November’s coming, folks

The anger, the outrage, the fear that is burning across this country feels like the explosion of something that’s been building for almost four years. I fear for my country. The anger is so big, so righteous, so hopeless, the wrongs so deep, so tightly woven into the fabric of this society, that I don’t see the way forward.

But I heard something in Andrew Cuomo’s voice Sunday that helped me.

I heard frustration.

I don’t know the governor personally, but I’ve gotten a good picture of him, both from inside the state as an employee and from the outside as a journalist. He’s not a guy who takes kindly to not getting his way. And he’s savvy enough to usually win.

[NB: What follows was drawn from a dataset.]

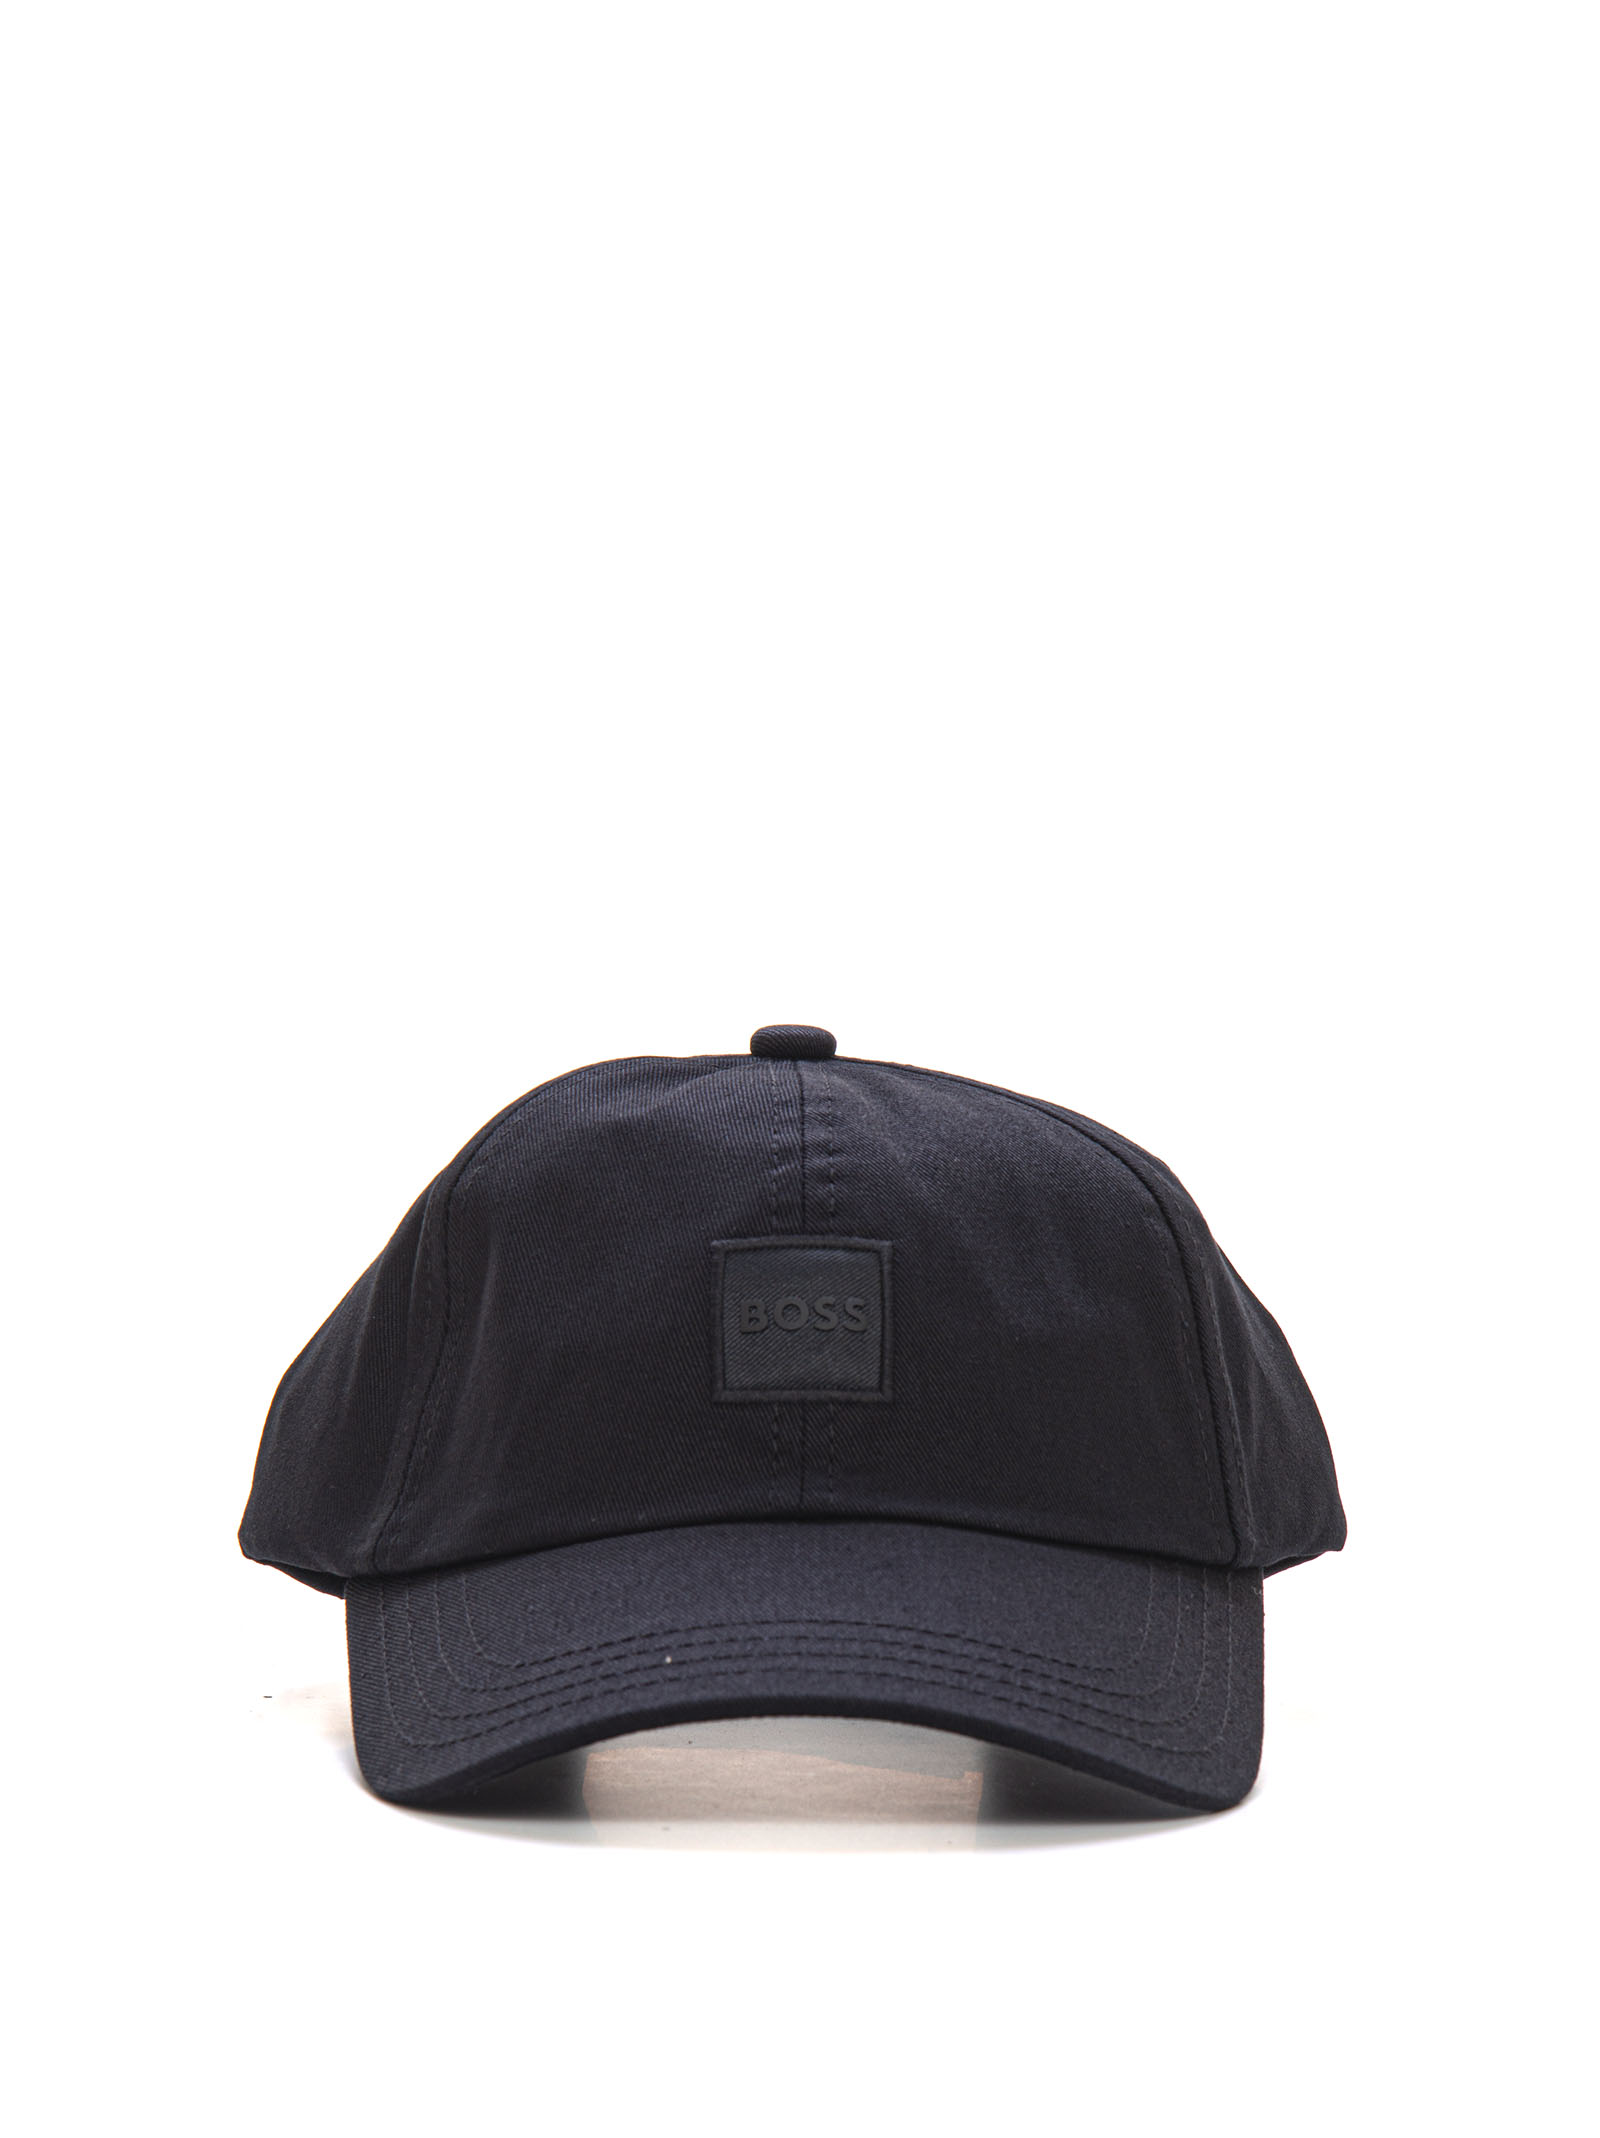 Hugo Boss Derrel Peaked Hat In Black

But when I tuned in to hear the tail end of his daily address Sunday, I heard him talking about the protests. And he said what’s needed is for protesters to be specific about the reforms they want. And then be insistent.

He suggested what those reforms could be. And that’s when I heard the frustration, when he said he’s been trying to get them done, but he couldn’t get them passed.

Call your legislators, he urged. Tell them what you want, and tell them if they won’t do it, you’ll vote them out. Keep telling them. Over and over. And then vote.

New York’s governor is no saint. He’s maybe not even someone I would like if I met him. But on Sunday, for a few minutes, I heard a guy who knows what’s right, has the power to make it happen, but hasn’t been able to do it. And he was angry. Somehow, that gave me hope.

Maybe it was just political expediency. Or maybe it was an honest moment.

All I know is that he was saying the right thing at the right moment. And in some cities, the cops are marching with the protesters, protecting them from the white supremacists trying to seize the moment for their own ends. Some governors aren’t treating the protesters like a threat. They’re protecting their citizens. They’re trying to motivate them to vote, to demand change. And Joe Biden went to a protest site today to talk to people, urging them to channel their anguish into purpose.

The occupant of the White House was hiding in a bunker, tweeting.

I’m frustrated, too. If there’s a single legislator in the country who thinks the anger of this moment will blow over, they’re sadly misjudging the situation. Frustration can be a powerful motivator.

November is coming. America’s ideals aren’t dead yet.